Korean bossa nova artist Ryu Jisu is turning a five-year long-distance collaboration into a global release. Her new single Golden Dream, made with the Italian project band Marchio Bossa, will be released worldwide on July 3 after a creative journey that stretched from Seoul to Bari, Italy, across roughly 9,000 kilometers.

The story behind the song is unusually cinematic for a single release. Ryu and the Italian musicians built their relationship remotely for years, then finally met in person in Bari, where that first face-to-face encounter became part of the emotional foundation for the project.

According to Korean entertainment reports, the collaboration began when Marchio Bossa producer Piero Lombardo encountered a video of Ryu singing for a friend who was battling illness. He was struck by the clarity and analog warmth of her voice, and that discovery eventually led to a cross-border project shaped by bossa nova, Korean soul, and live studio performance.

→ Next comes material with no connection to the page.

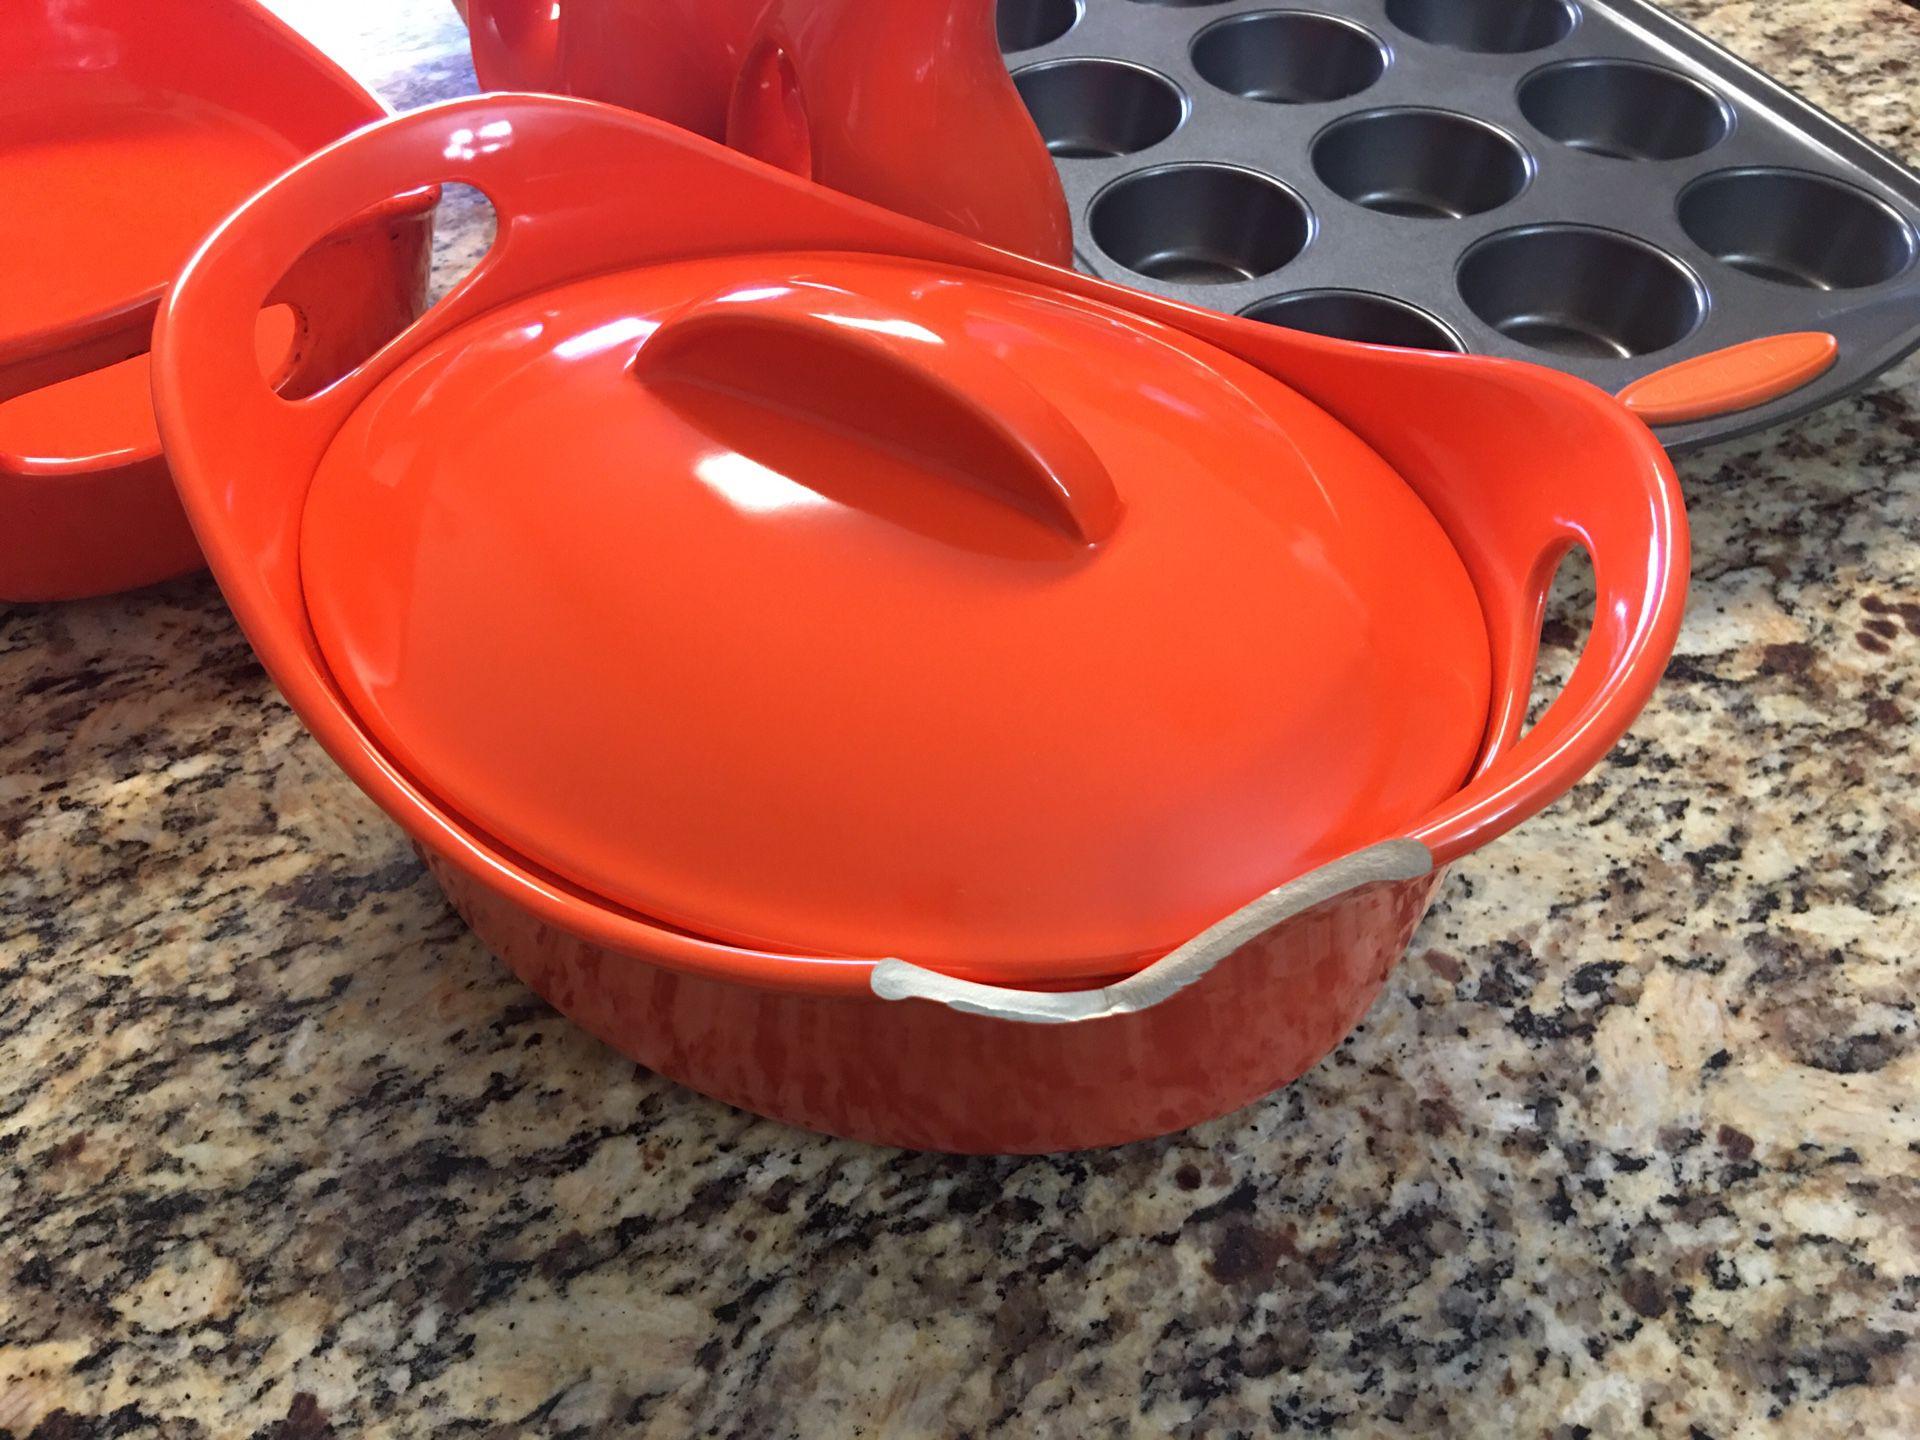 Rachel Ray Bakeware | Casserole dishes, Non-Stick Muffin Sheet Pan, & EVOO and Vinegar Bottle Set

A Five-Year Musical Bond Across 9,000 Kilometers

The release of "Golden Dream" is meaningful because it did not come from a quick label pairing or a short promotional exchange. Ryu Jisu and Marchio Bossa reportedly spent five years communicating online, sharing musical ideas without being able to meet in person. That long build-up gives the single a human story before listeners even hear the first note.

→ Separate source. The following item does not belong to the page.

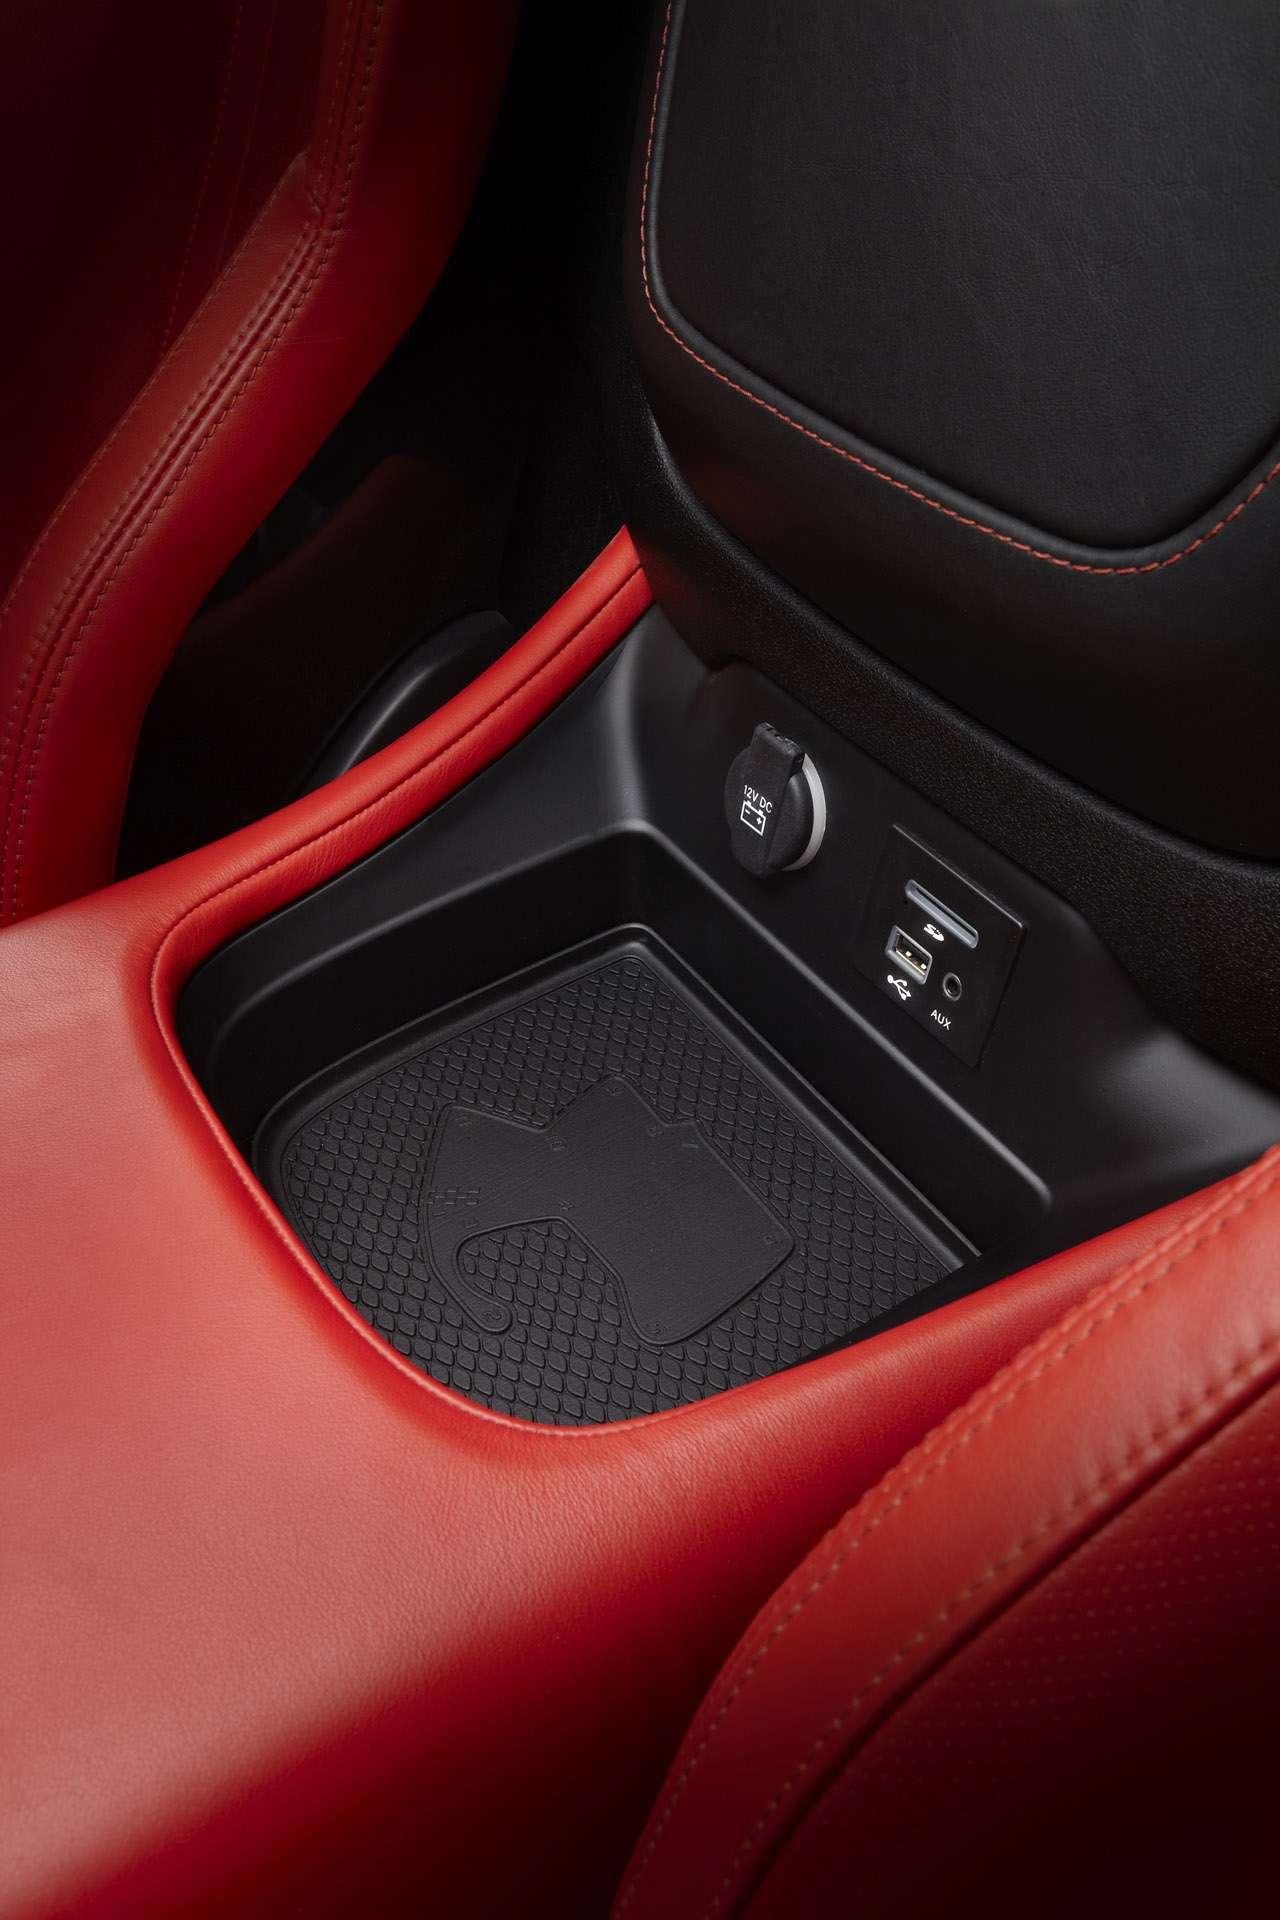 2013 SRT Viper GTS

The two sides eventually met in the southern Italian city of Bari, in the region of Puglia. Reports describe the meeting as a deeply emotional moment, with the artists embracing after years of knowing each other only through screens. That moment is being presented not as a side anecdote, but as a central creative force behind the song.

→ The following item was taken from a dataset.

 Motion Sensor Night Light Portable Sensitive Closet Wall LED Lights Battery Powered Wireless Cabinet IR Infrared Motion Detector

For English-speaking readers who may be discovering Ryu for the first time, she is described in Korean coverage as a Korean soul bossa nova artist with a distinctive analog sensibility. Her collaboration with Marchio Bossa places her within a European bossa nova and jazz network while also framing the track as an example of "K-BOSSA," a hybrid color that blends Brazilian rhythm, Korean emotional nuance, and live European musicianship.

Marchio Bossa's side of the project is led by Piero Lombardo, who has worked with a tradition of European vocalists associated with the band's sound. Reports connect Ryu to a lineage that includes Francesca Leone, Serena Brancale, and Maria Enrica, positioning her not as a guest added for novelty, but as a new voice carrying the project's musical identity forward.

Real Instruments In An Era Of Synthetic Sound

One of the strongest facts about "Golden Dream" is its recording approach. The project is described as rejecting virtual instruments and artificial intelligence-generated sound in favor of real instruments and studio performance. In a music market increasingly shaped by digital shortcuts, that choice gives the release a clear artistic position.

The recording took place at SonoLab Studio, Marchio Bossa's musical base, with sound engineer Tullio Ciriello overseeing the process. The track features live drums, acoustic guitar, trumpet, bass, keyboard work, and orchestral strings. Leo Gadaleta led the string orchestra session, while Paolo Magno contributed acoustic guitar, Fabio Delle Foglie handled drums, Alberto Di Leone added trumpet, and Ciriello also managed bass, mixing, mastering, and sampling.

Those credits matter because they explain why the single is being framed as more than a vocal collaboration. "Golden Dream" is being presented as a full-band, analog-minded production, with a live texture intended to carry warmth and physicality. The sound palette points toward Brazilian bossa nova, European jazz, and cinematic string color rather than a beat-first K-pop release.

That makes the project unusual within the wider Korean entertainment news cycle. While much K-entertainment coverage focuses on idols, dramas, variety shows, and viral fandom moments, Ryu's release sits closer to global jazz-pop and world music. Its Discover appeal comes from the story: a Korean artist discovered through a personal performance, a five-year remote relationship, a 9,000-kilometer bridge to Italy, and a final meeting that turned the song into a symbol of persistence.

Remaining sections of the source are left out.